Мальчик, дяденька и я - Денис Драгунский
Шрифт:
Интервал:
Закладка:
Ну хорошо, хорошо. Нет у вас фамильных драгоценностей. Но неужели у вас хотя бы колеса не прокалывали вашей машине, не говоря уже о стукнули или угнали?
Или развернем дело немножечко по-другому. Не хотите быть жертвой? Побудьте немножечко злодеем. Вам никогда не случалось обманывать, наказывать, срывать злобу? Вам никогда не случалось воровать чужие идеи, чужой труд, да просто чужие вещи, наконец?
Ну, это уже совсем какая-то достоевщина пошла. Давайте проще.

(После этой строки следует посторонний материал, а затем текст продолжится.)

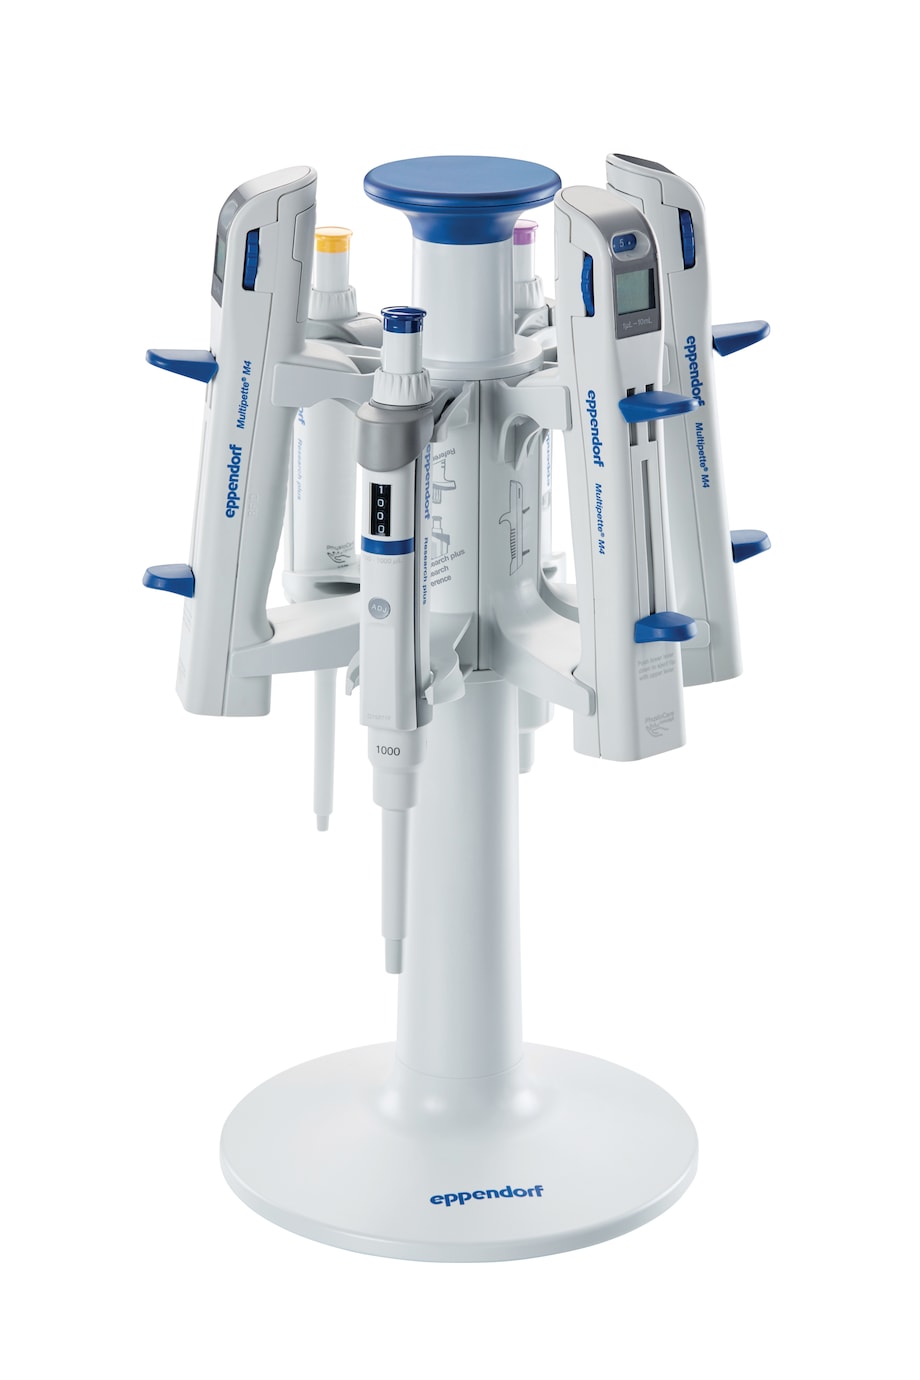 Store your Repeater® M4 multi-dispenser securely on a Pipette Carousel 2 or Charger Carousel 2 by Eppendorf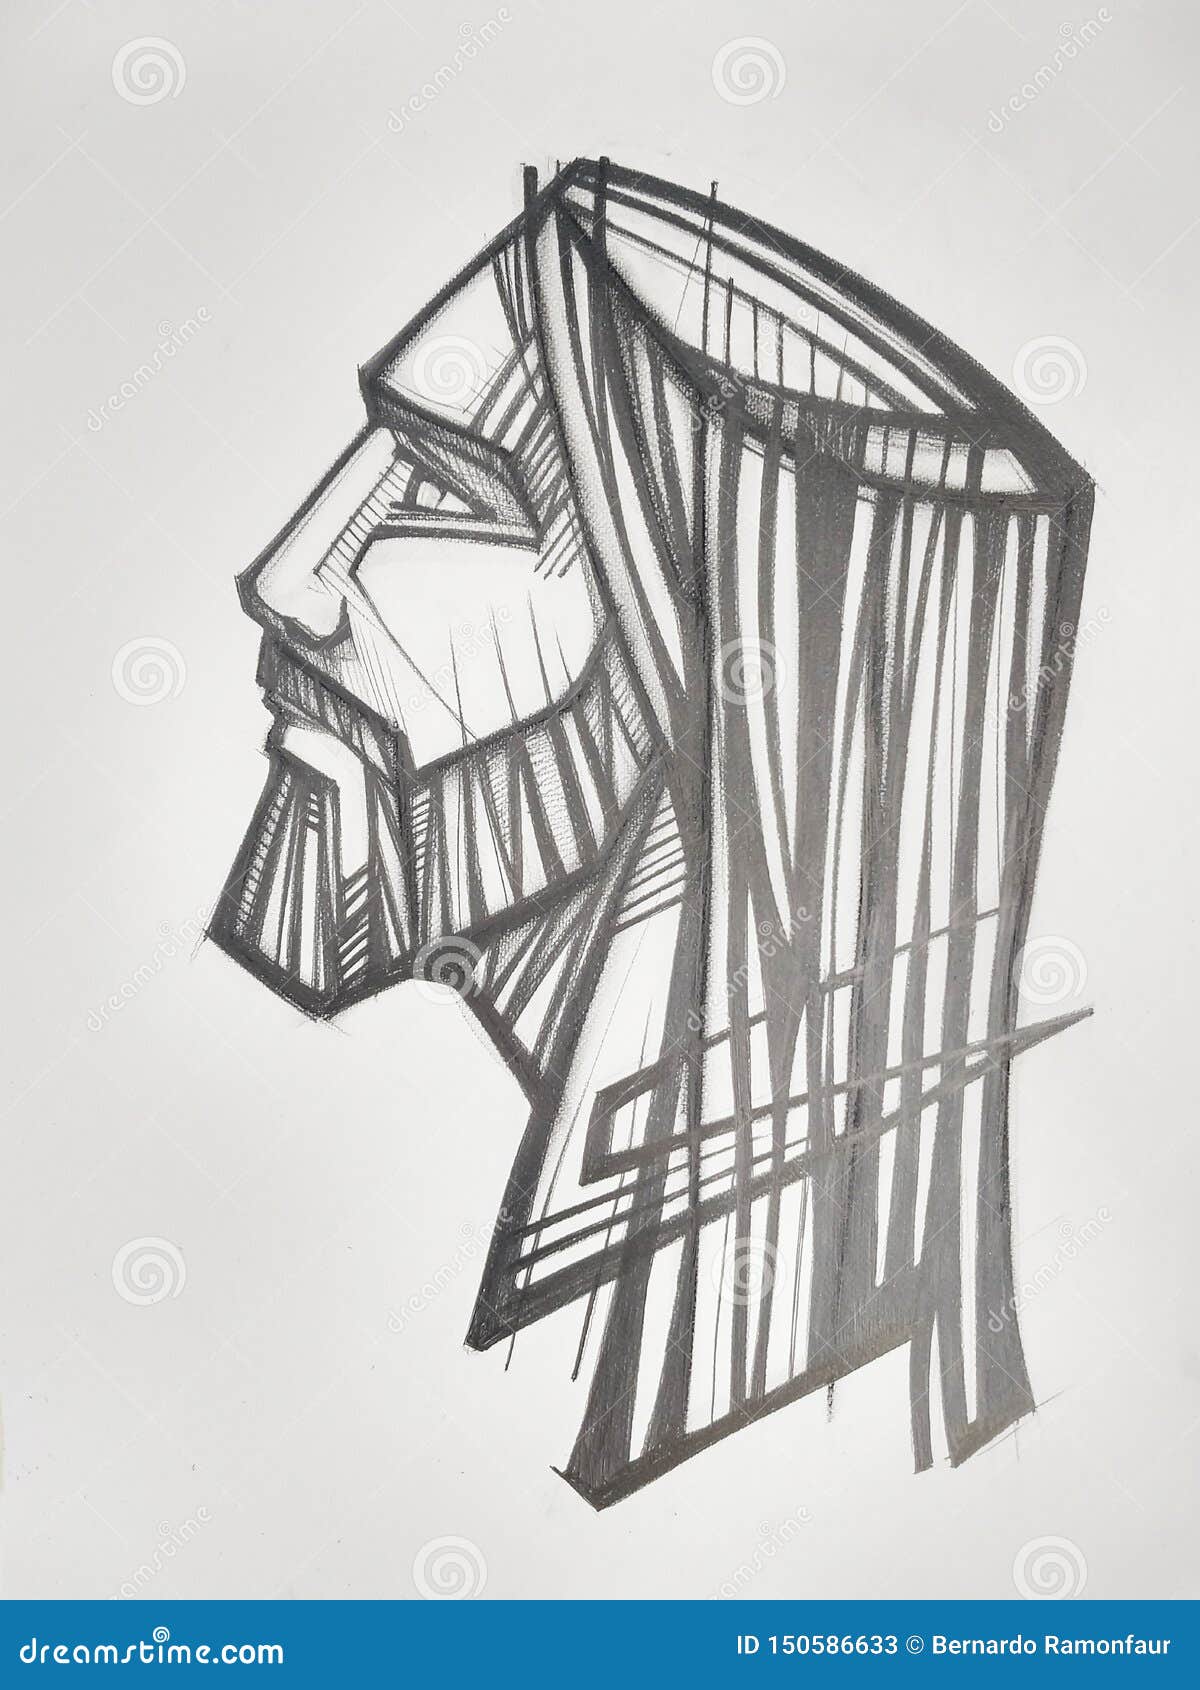 Jesus Christ Face Pencil And Charcoal Drawing Stock Illustration

Вот я вас спрашивал раньше: неужели вы никогда не чувствовали то, что чувствует человек бедный и слабый, сталкиваясь с богатыми и сильными, – унижение, одолжение, поиск денег или связей, отчаянное желание быть на уровне? Давайте наоборот. Богатые ведь тоже плачут! Вам никогда не приходилось размышлять: давать деньги в долг или нет? Вы знаете, есть такая поговорка: «Давать в долг можно только ту сумму, с которой ты готов навсегда расстаться». Но, как говорил мне один богатый старый тбилисец: «Я очень много лет на свете прожил. Я очень много разных дел переделал и в разных местах побывал. Но мамой клянусь, ни разу не видел, чтоб сто рублей вот так на дороге валялись. Вот ты идешь, а стольник валяется. Нагнулся, поднял. Как хорошо! Положил в карман и дальше пошел. Но что-то я почему-то никогда такого не встречал!» И он хохотал, сверкая фарфоровыми зубами и бриллиантовым перстнем, наливая в хрустальный бокал дорогой коньяк. Так что богатому человеку тоже трудно вот так взять и рискнуть своими деньгами. Даже миллионеру, наверное. Потому что, если бы миллионер разбрасывался сотенными, он бы никогда не стал миллионером.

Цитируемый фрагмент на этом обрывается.